You next learned how to handle selections of one row or multiple rows. With multiple row selections, you can use a for-each function, or you can get a Python list of the selected rows. A useful signal when dealing with selections is Gtk.TreeView’s row-activated signal, which allows you to handle double-clicks.
After that, you learned how to create editable cells with Gtk.CellRendererText’s edited signal, which displays a Gtk.Entry to allow the user to edit the content in the cell. Cell data functions can also be connected to columns. These cell data functions allow you to customize each cell before it is rendered to the screen.

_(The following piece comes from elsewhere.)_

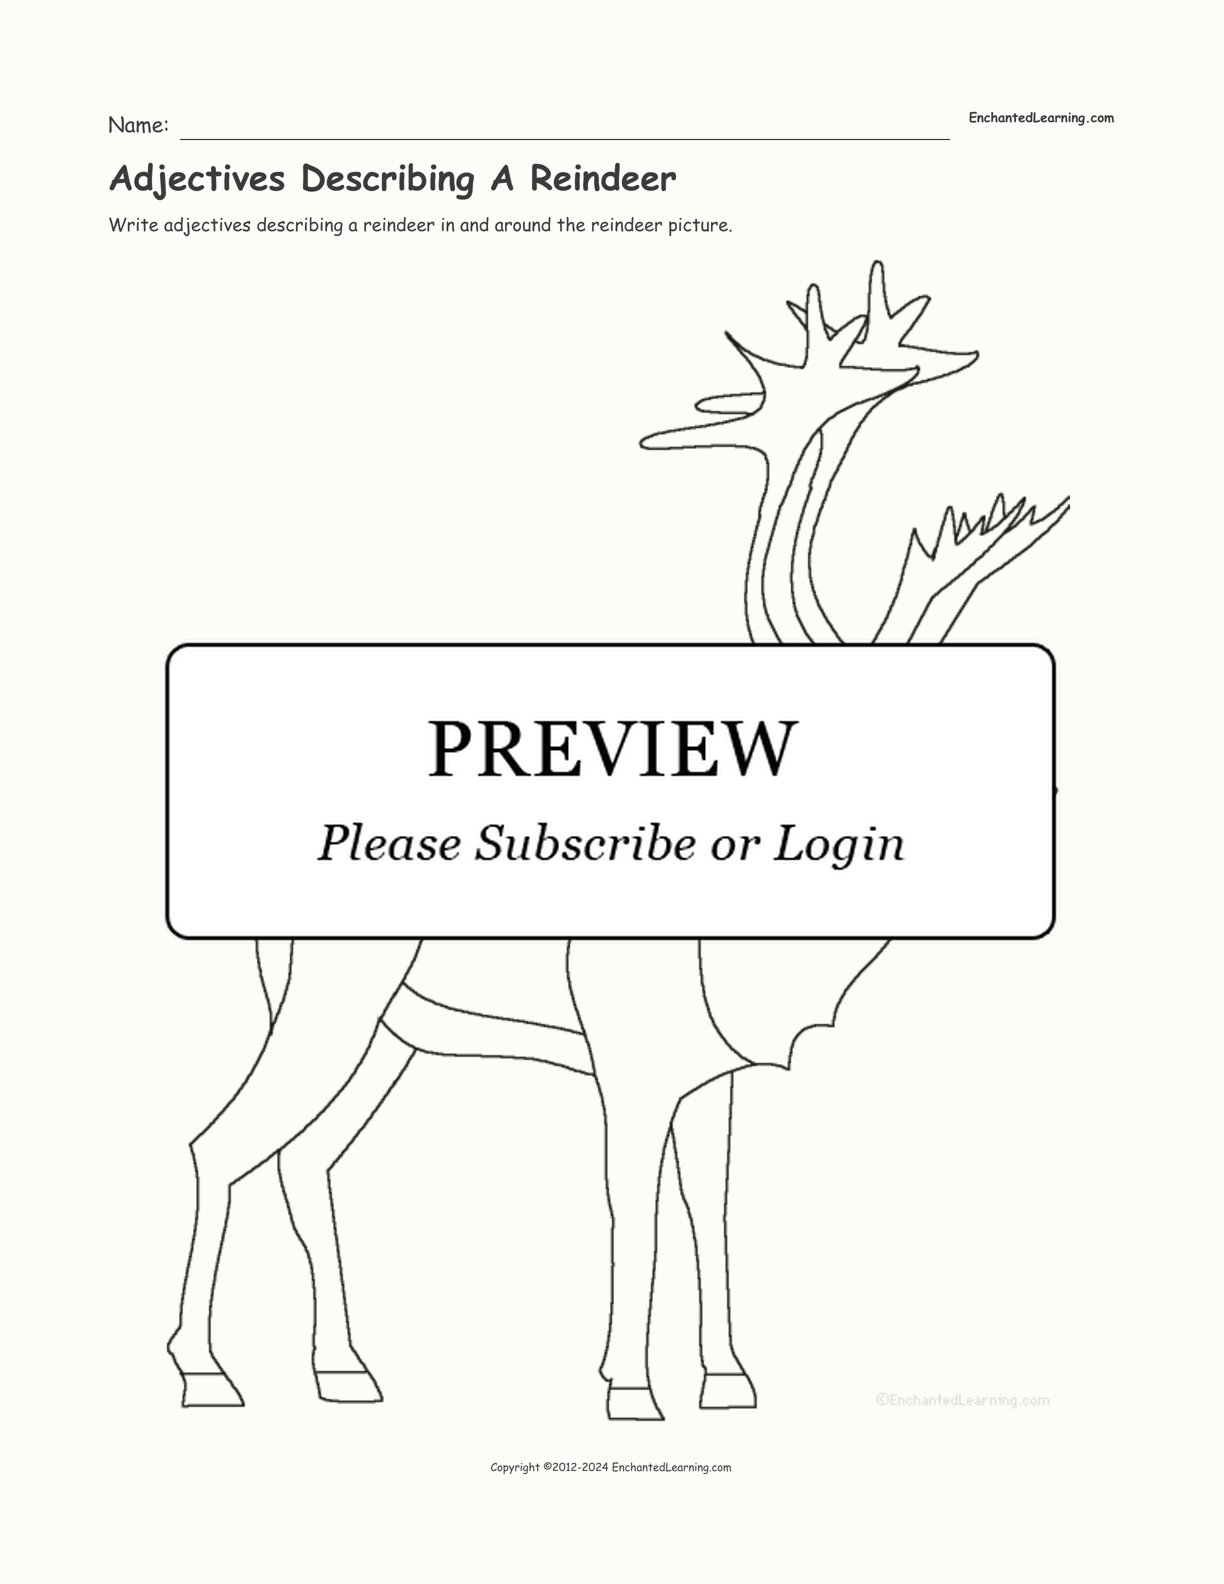 Adjectives Describing A Reindeer interactive worksheet page 1

Lastly, you learned about a number of cell renderers that allow you to display toggle buttons, pixbufs, spin buttons, combo boxes, progress bars, and keyboard accelerator strings. You were also introduced to the Gtk.ComboBox widget.
Congratulations! You are now familiar with one of the hardest and most versatile widgets provided by GTK+. In the next chapter, you learn how to create menus, toolbars, and pop-up menus. You also learn how to automate menu creation with user interface (UI) files.